SUPPLIED DATA |
[Start of section]

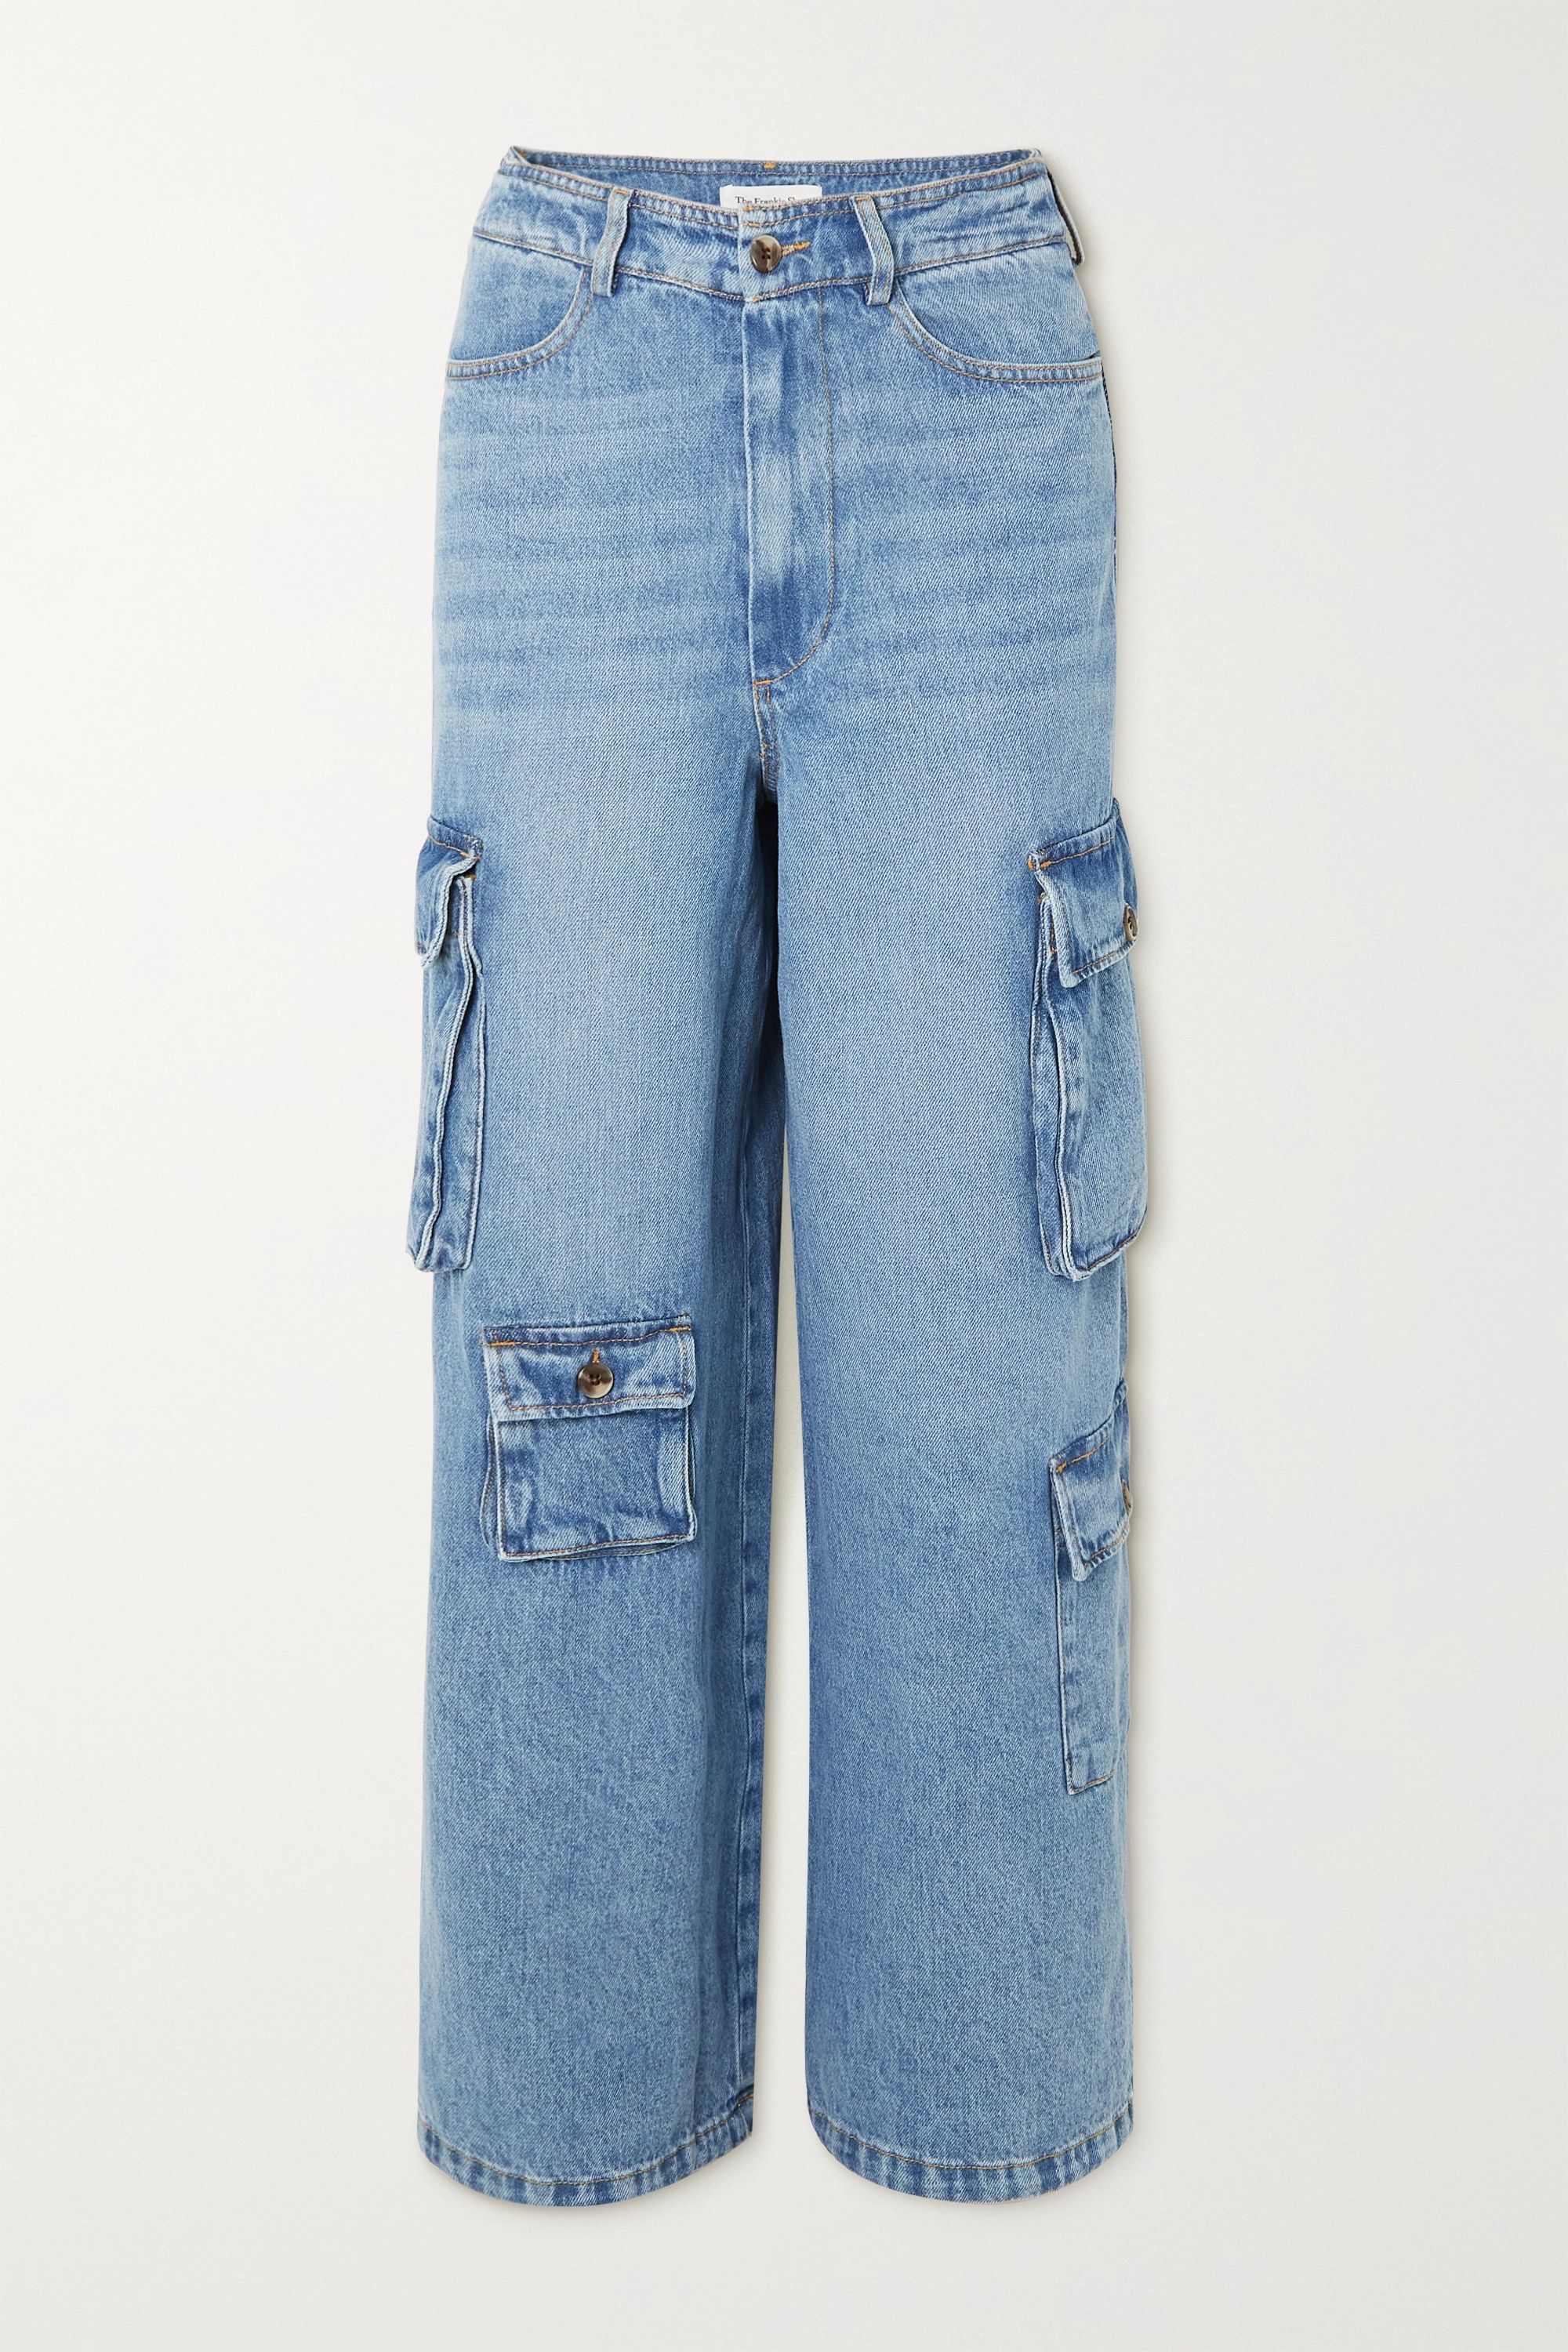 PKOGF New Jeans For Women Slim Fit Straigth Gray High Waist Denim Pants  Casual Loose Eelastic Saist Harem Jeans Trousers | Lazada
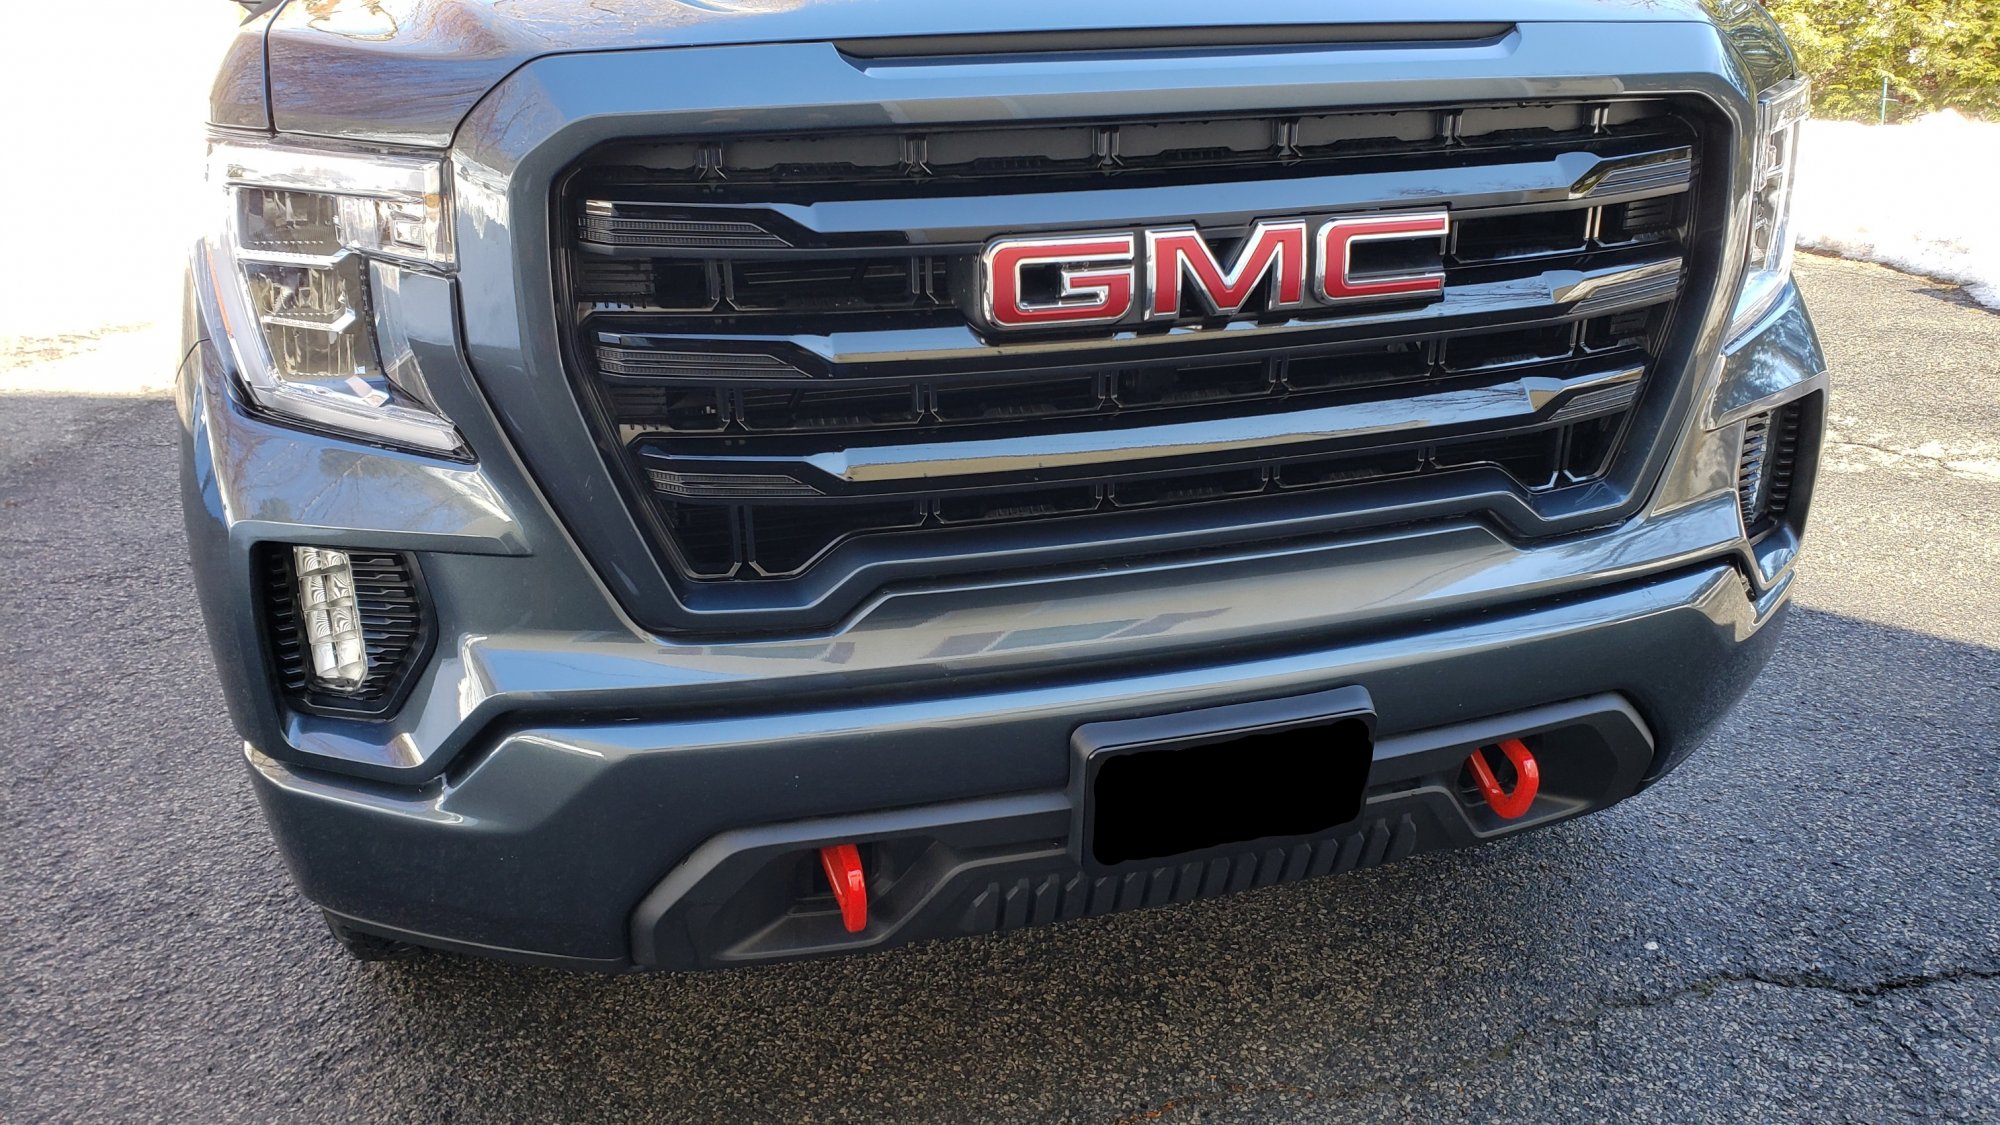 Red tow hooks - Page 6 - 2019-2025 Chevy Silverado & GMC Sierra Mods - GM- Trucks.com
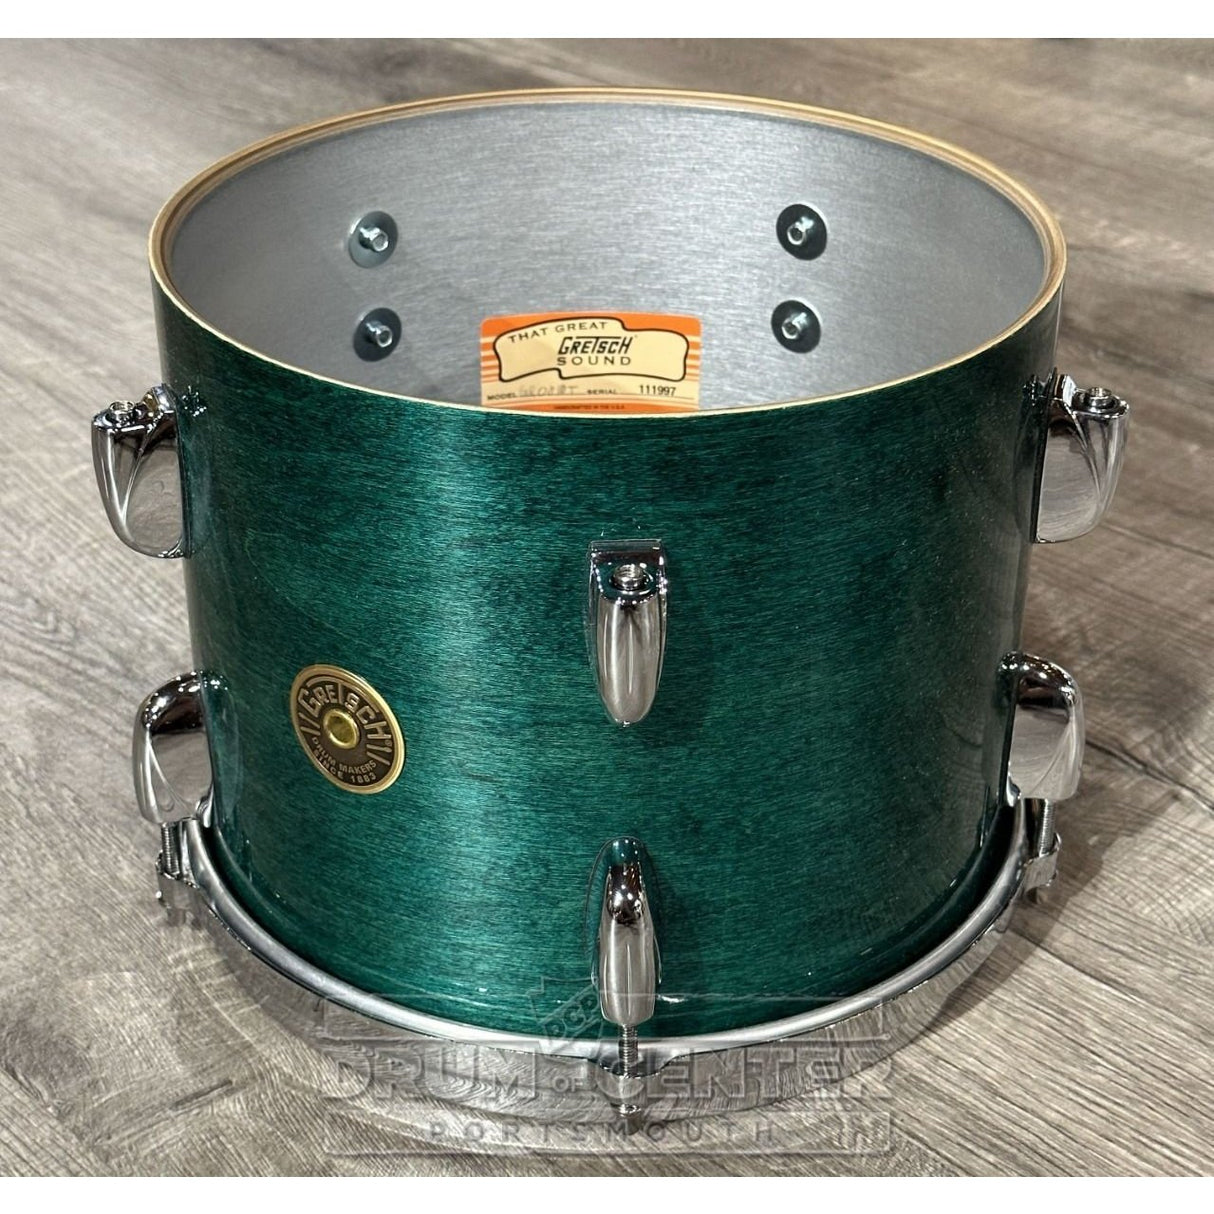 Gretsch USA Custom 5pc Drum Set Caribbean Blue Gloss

[End of section]

WHAT IS EXPECTED | What is needed is an exact copy of the data, with the pictures removed.

REPLY TO THE TASK |
 PKOGF New Jeans For Women Slim Fit Straigth Gray High Waist Denim Pants  Casual Loose Eelastic Saist Harem Jeans Trousers | Lazada
 Red tow hooks - Page 6 - 2019-2025 Chevy Silverado & GMC Sierra Mods - GM- Trucks.com
 Gretsch USA Custom 5pc Drum Set Caribbean Blue Gloss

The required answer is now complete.